Testing times for the bilateral relationship
Karthik Nachiappan Karthik Nachiappan | 28 Nov, 2018
DONALD TRUMP HAS been upending and rewriting US foreign policy. Allies and adversaries alike are scrambling to discern, thwart and shield themselves from Trump’s policies. So is India. US-India ties have not soured but ebbed, marred by trade and economic friction, hand-wringing around waivers to exempt India from US sanctions and a fitful relationship between Donald Trump and Narendra Modi. Is this scenario the new normal in US-India relations or can both countries, again, find ‘common ground’? In Open Embrace, Varghese K George, The Hindu’s US correspondent, aims to answer this question by interrogating the politics and political ascent of Trump and Modi. George asks whether the ‘ultra-nationalist’ conjuncture fuelling Modi’s and Trump’s rise will stymie US-India relations or if both leaders can ‘make a deal’ to prevent that outcome.
George begins by mapping several fault lines of globalisation and slow economic growth and how this precipitated Trump’s ‘America First’ agenda. American primacy since the Cold War was frittered away by self-inflicted economic (the 2008 financial crisis) and political crises (9/11 and wars in Iraq and Afghanistan). These failures intensified political fissures around class and race. America’s identity crisis, as Varghese argues, sharpened, breeding acute political discord as critics, Trump amongst them, pounced on what they perceived as Obama’s declinist agenda. George elucidates these shifts with aplomb, but the narrative bulldozes along without heed to a sequence that could better grip readers.
George trips up in explaining Modi’s foreign policy, opting to morph from journalist to theorist for this task. The narrative meanders into a fruitless theoretical discourse on what George calls the ‘Hindutva Strategic Doctrine’ or the ‘ideological roots of Modi’s world view’. Synthesising various studies, George devises a new construct that, he claims, represents Modi’s foreign policy, highlighting factors like territorial unity, religion (Hinduism), culture, military heft and global solidarity. What makes this tangent problematic is that he assumes first that there is a Modi doctrine (or that there should be one), and second, that even if one exists, it is situated within tracts associated with political Hinduism or ‘Hindutva’.
The messiness of the current international order, not to mention India’s neighbourhood, militates against the formation or presumption of a doctrine that can clarify India’s foreign policies. And there are sufficient institutional and political reasons to argue that Modi’s foreign policy has not veered much from that of previous governments. There is a long—and unfortunately enduring— tradition in the study of Indian foreign policy to use certain ideas (mystical, religious and civilisational) to explain how and why India behaves abroad at the expense of institutional factors. George, puzzlingly, wishes to join that tradition. Had he stuck to his journalistic sensibilities, we could have had a political reading of Modi’s foreign policy.

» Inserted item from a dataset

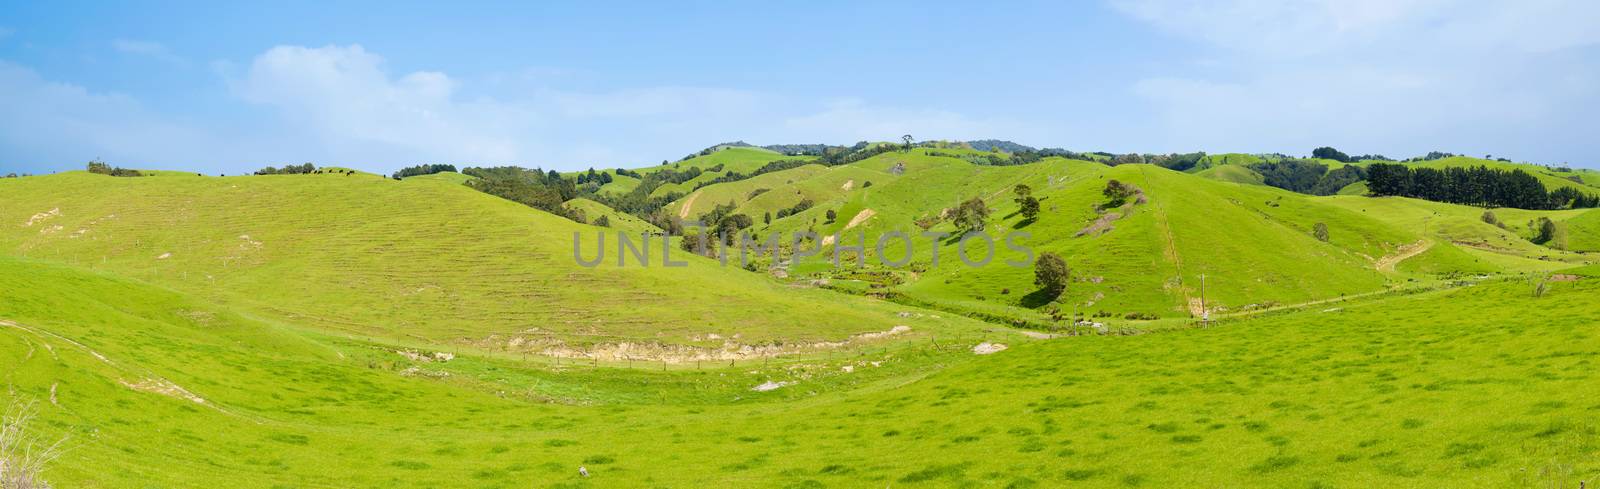 Common view in the New Zealand - hills covered by green grass. Panoramic photo

George ably gauges how India has fared under Trump. In both countries, public spheres have coarsened, institutions been pummelled, minorities threatened and the media besieged. The persistent demonisation of the ‘other’ under Trump increases the threat of violence against Indians and Indian-Americans. George incisively recognises that the politics around economic policies is being reoriented in the US, tilting from the interests of corporations, patrons of the H1B visa, and trade liberalisation toward the working class and reciprocal trade, a trend that does not bode well for US-India ties.
What does one make of bilateral relations now? Trump and Modi have not furthered them. Progress has been sporadic. Irritants, not opportunities, lurk. ‘America First’ does not comport with India’s rise; and neither does a Trump administration looking to coercively extract benefits from an international order whose costs it has borne for decades, a scenario that augurs poorly for India that has depended on others to shoulder the externalities of its rise. As US president, Trump is unlikely to embrace India.